# Replacement remote for Denon 4308ci?



## JustDave1 (Mar 16, 2008)

This wonderful receiver has the most arcane remote I've ever used. After a year I still get lost in menus and accidentally screw things up. I often find it easier to walk over to the receiver to do something like rename an input or tune a new Internet station. 

Is there a remote that can be programmed to do most of the things this receiver is capable of? I have a couple of Harmony H659s which are fine for selecting a source and adjusting channel and volume, but I can't figure out how to use them to select Internet radio, or HD radio, or the iPod input. Would a Harmony One do this? Is something else better?

JustDave


----------



## salvasol (Oct 31, 2006)

JustDave1 said:


> This wonderful receiver has the most arcane remote I've ever used. After a year I still get lost in menus and accidentally screw things up. I often find it easier to walk over to the receiver to do something like rename an input or tune a new Internet station.
> 
> Is there a remote that can be program to do most of the things this receiver is capable of? I have a couple of Harmony H659s which are fine for selecting a source and adjusting channel and volume, but I can't figure out how to use them to select Internet radio, or HD radio, or the iPod input. Would a Harmony One do this? Is something else better?
> 
> JustDave


Did you programmed the Harmony to control your Denon??? ... according to specifications online it has a learning port for all functions :yes:

I have a Yamaha RXV2700 and I programmed an old Universal Control for most functions ...I can access the menu to make any set up, change input names, etc. :yes:


----------



## JustDave1 (Mar 16, 2008)

Thanks for your reply.

I know I can program many butttons with many functions and macros, but a bunch of unidentified, hard-to-remember butttons is what I already have. What I want is a button with a (custom?) label for each function. If all the functions were pre-programmed into the remote (or web programmable) and appeared on the remote lcd next to a button, that would be ideal. 

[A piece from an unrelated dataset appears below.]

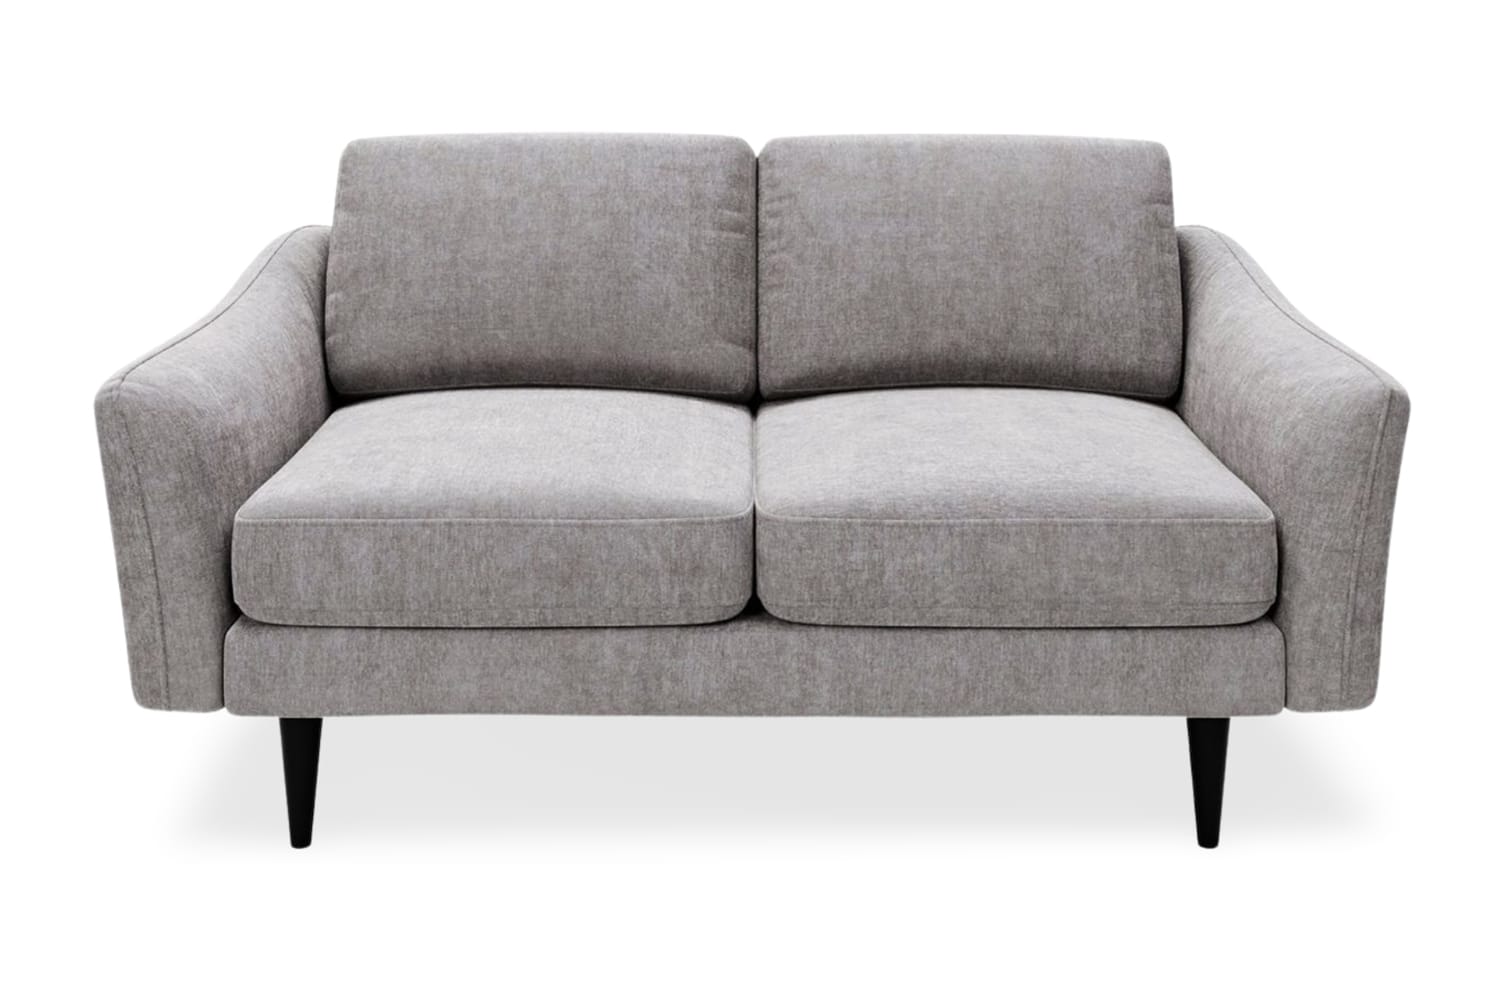 SNUG | The Rebel 2 Seater Sofa in Mid Grey variant_40414889410608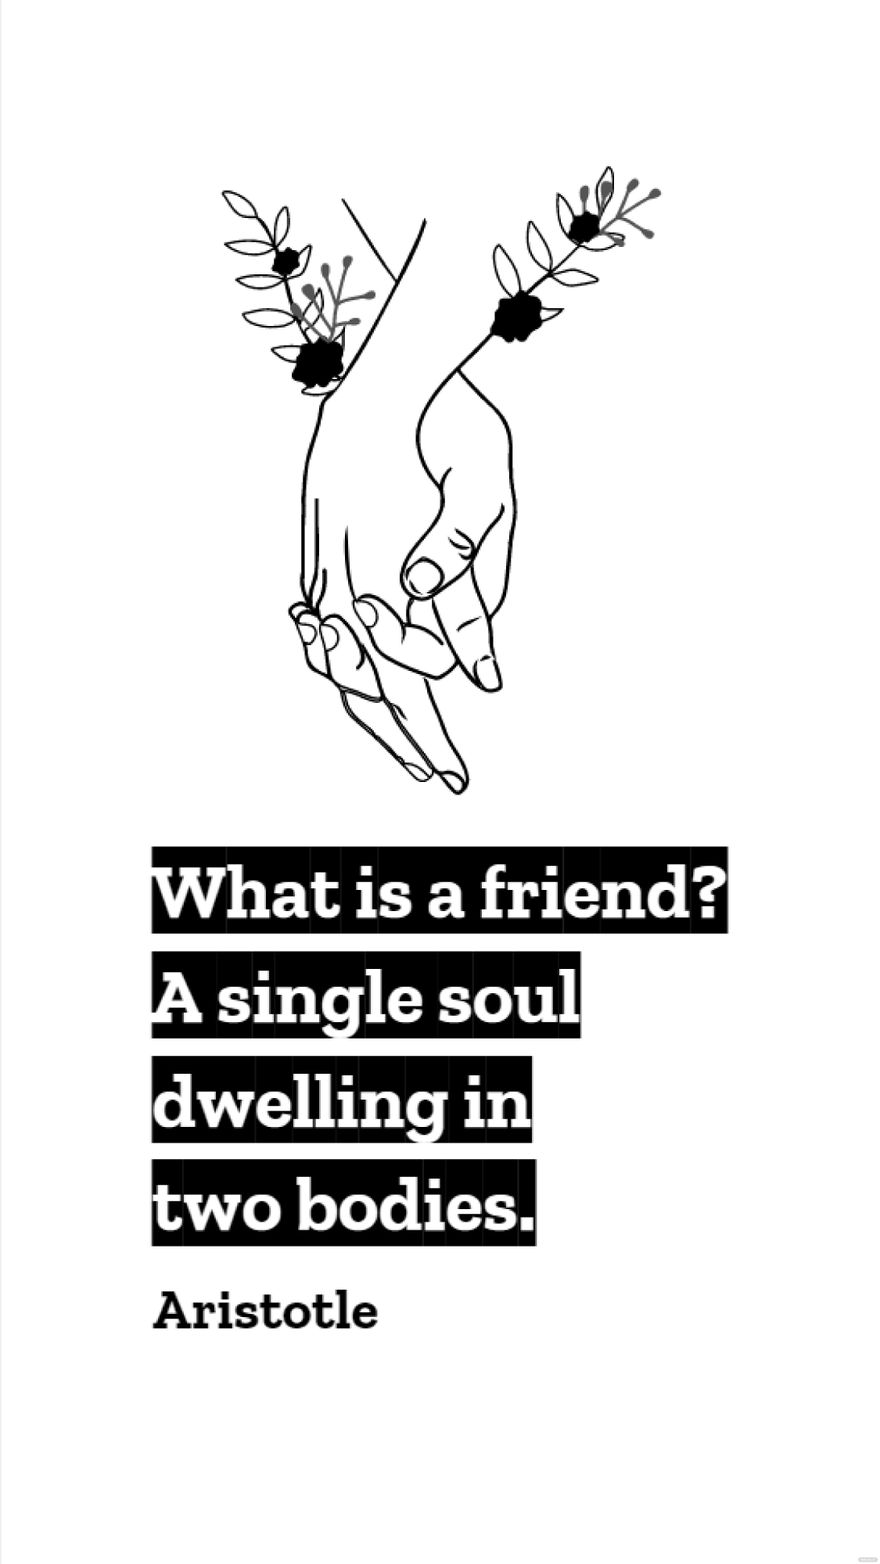 Aristotle - What is a friend? A single soul dwelling in two bodies.

For example, I would like a button marked "HD radio". When I push that I would like to see choices including "Tune Up" or "Scan Presets" or "Set Preset".

If I could then easily make an EQ change or turn on the speakers in the bedroom with only a few more button pushes, I would be in home theater heaven...

JustDave


----------



## salvasol (Oct 31, 2006)

Is this the same remote???









Looking at the picture it seems that it can be programmed and labeled any way you want ... :yes:

If it can't be done, you only option will be to get a better remote with a LCD screen :hide:


----------



## JustDave1 (Mar 16, 2008)

Yes, that's it.

Hmmm... now that I re-read the manual, it seems you're right. I'll try a little more programming tomorrow. Thanks for the tip and inspiration.

Justdave1


----------